# Does the availability of a toilet influence your choice of cafe to visit?



## Glenn (Jun 14, 2008)

*Does the availability of a toilet influence your choice of cafe to visit?*​
Yes847.06%No529.41%Hadn't really thought about it423.53%


----------



## Glenn (Jun 14, 2008)

Not every cafe has a toilet, and on occasions I have found myself heading to one that does, purely on that basis (given that the coffee is good at both locations)

Assuming you don't need to go when making your decision, is this an influencing factor?

Or does it not really matter?

Please vote in the poll


----------



## vintagecigarman (Aug 10, 2009)

Actually, I was astounded to discover that there is no legal requirement for a cafe to provide toilets for its customers, other that the LA insisting on them as part of its planning/licensing policy. Seems positively medieval to me!


----------



## Combercoffee (Feb 12, 2011)

As someone who has children, who love going out to cafes with me, a toilet is essential.


----------



## MonkeyHarris (Dec 3, 2010)

I suspect this poll will be dependent on age. In my younger days I could sink around 5 pints before needing a trip to the toilet.

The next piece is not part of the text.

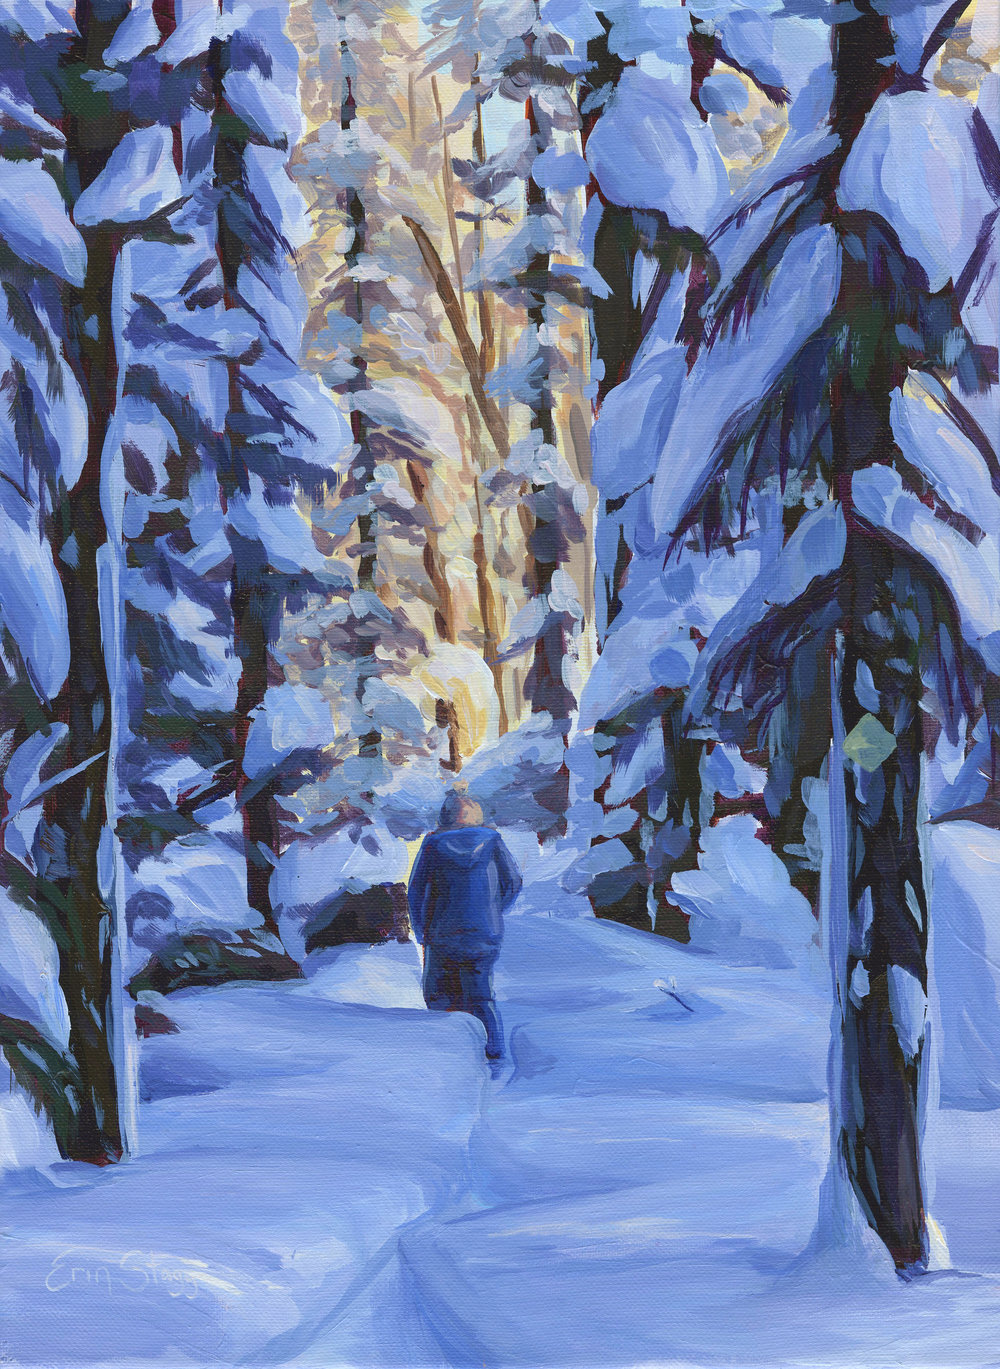 Snowshoeing through the pines - sm.jpg

Nowdays however the sound of the first pint/shot being poured is enough to trigger a visit. I do have a young child as well but she's still in nappies at the mo so not a problem yet


----------



## MikeHag (Mar 13, 2011)

Good question. Its a no for me, but that's not because I don't think they're important. They're just not a deciding factor in going or not.

It also might be worth saying that no toilets are better than bad toilets IMO. I'll forget the former but remember the latter, and those bad toilets just spoil the memory a little. E.g. "Kitchen And Pantry" in London was a fantastic place but I just remember having to queue for the single toilet, and since it was used for men, women and baby changing for a busy 50-60 seater, it was fairly minging. Didn't stop me going again, but it's always a compromise.

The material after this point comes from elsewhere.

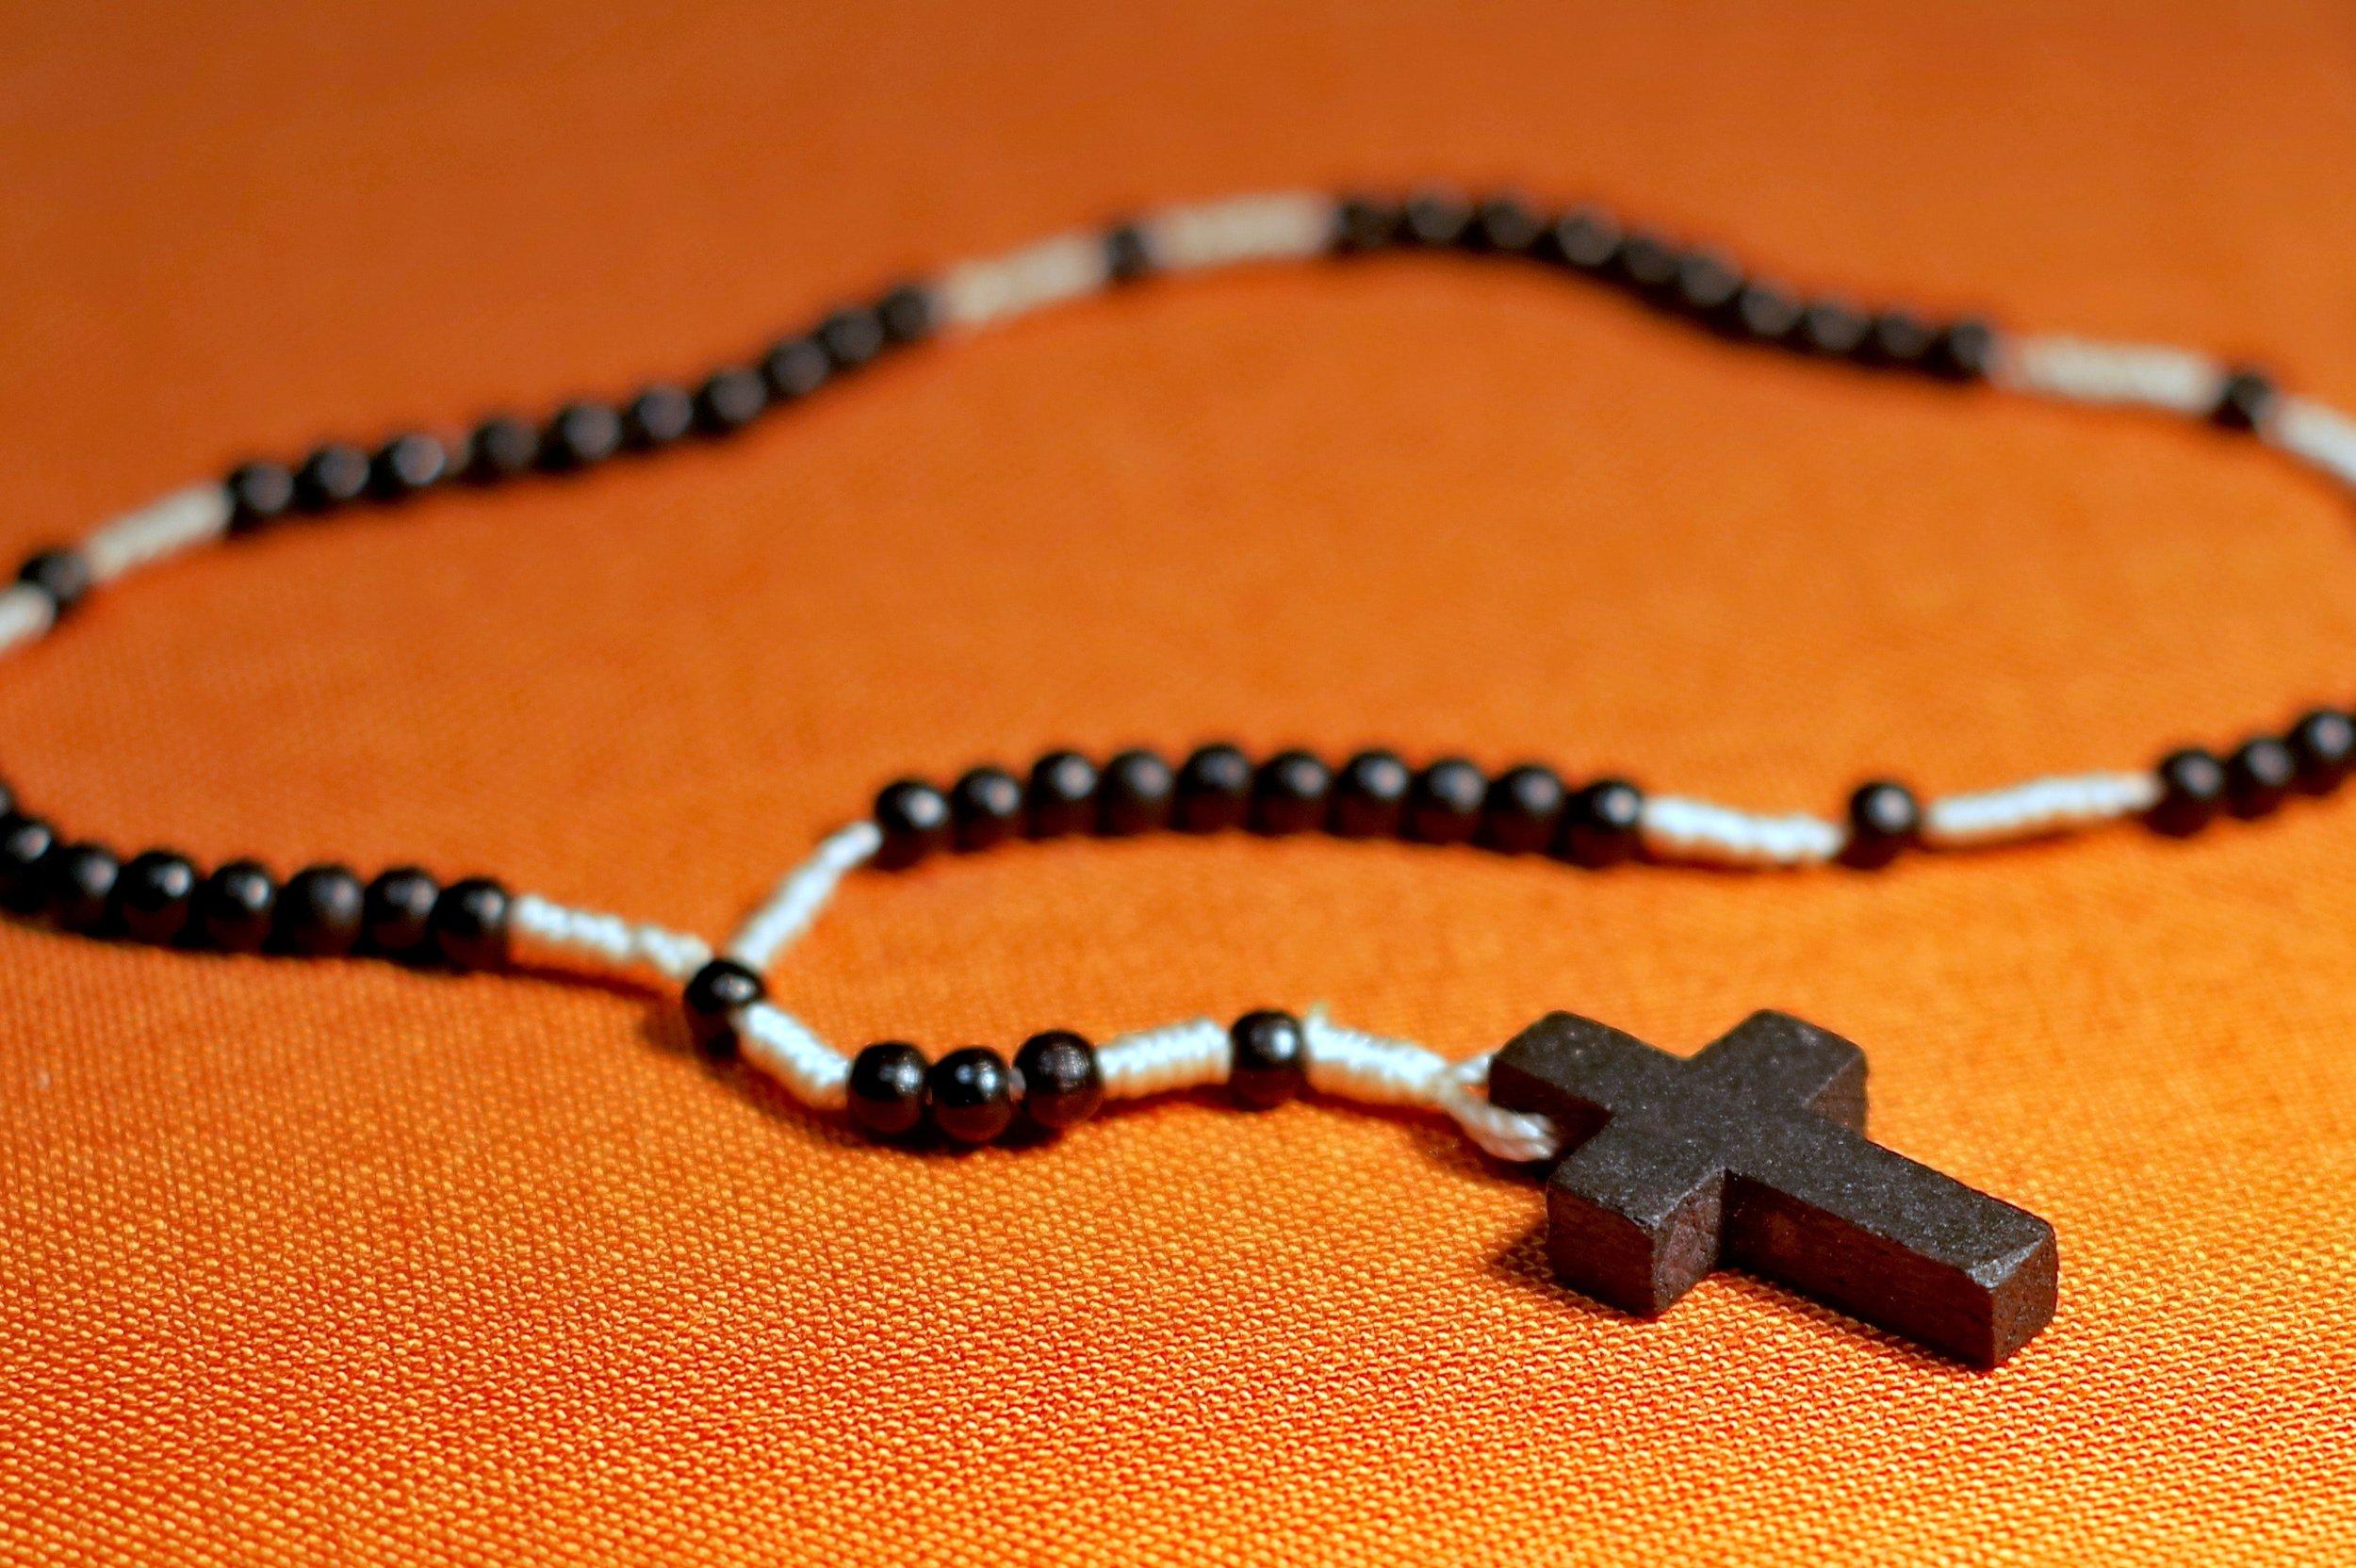 beads-catholicism-cross-236319.jpg

(The place recently closed, I understand.)


----------



## ahoythere48 (Apr 17, 2011)

I would be bitterly disappointed if i went to a coffee house and there was nothing in the way of a loo! However good the coffee was, one needs these facility's! Nothing better than walking into a clean, spacious and private WC when you have to go! Sorry to be so crude but that's the way it goes and at the end of the day coffee can act as a laxative!

So in answer to your question yes 'Does the availability of a toilet influence your choice of cafe to visit?' YES IT MOST CERTAINLY DOES.


----------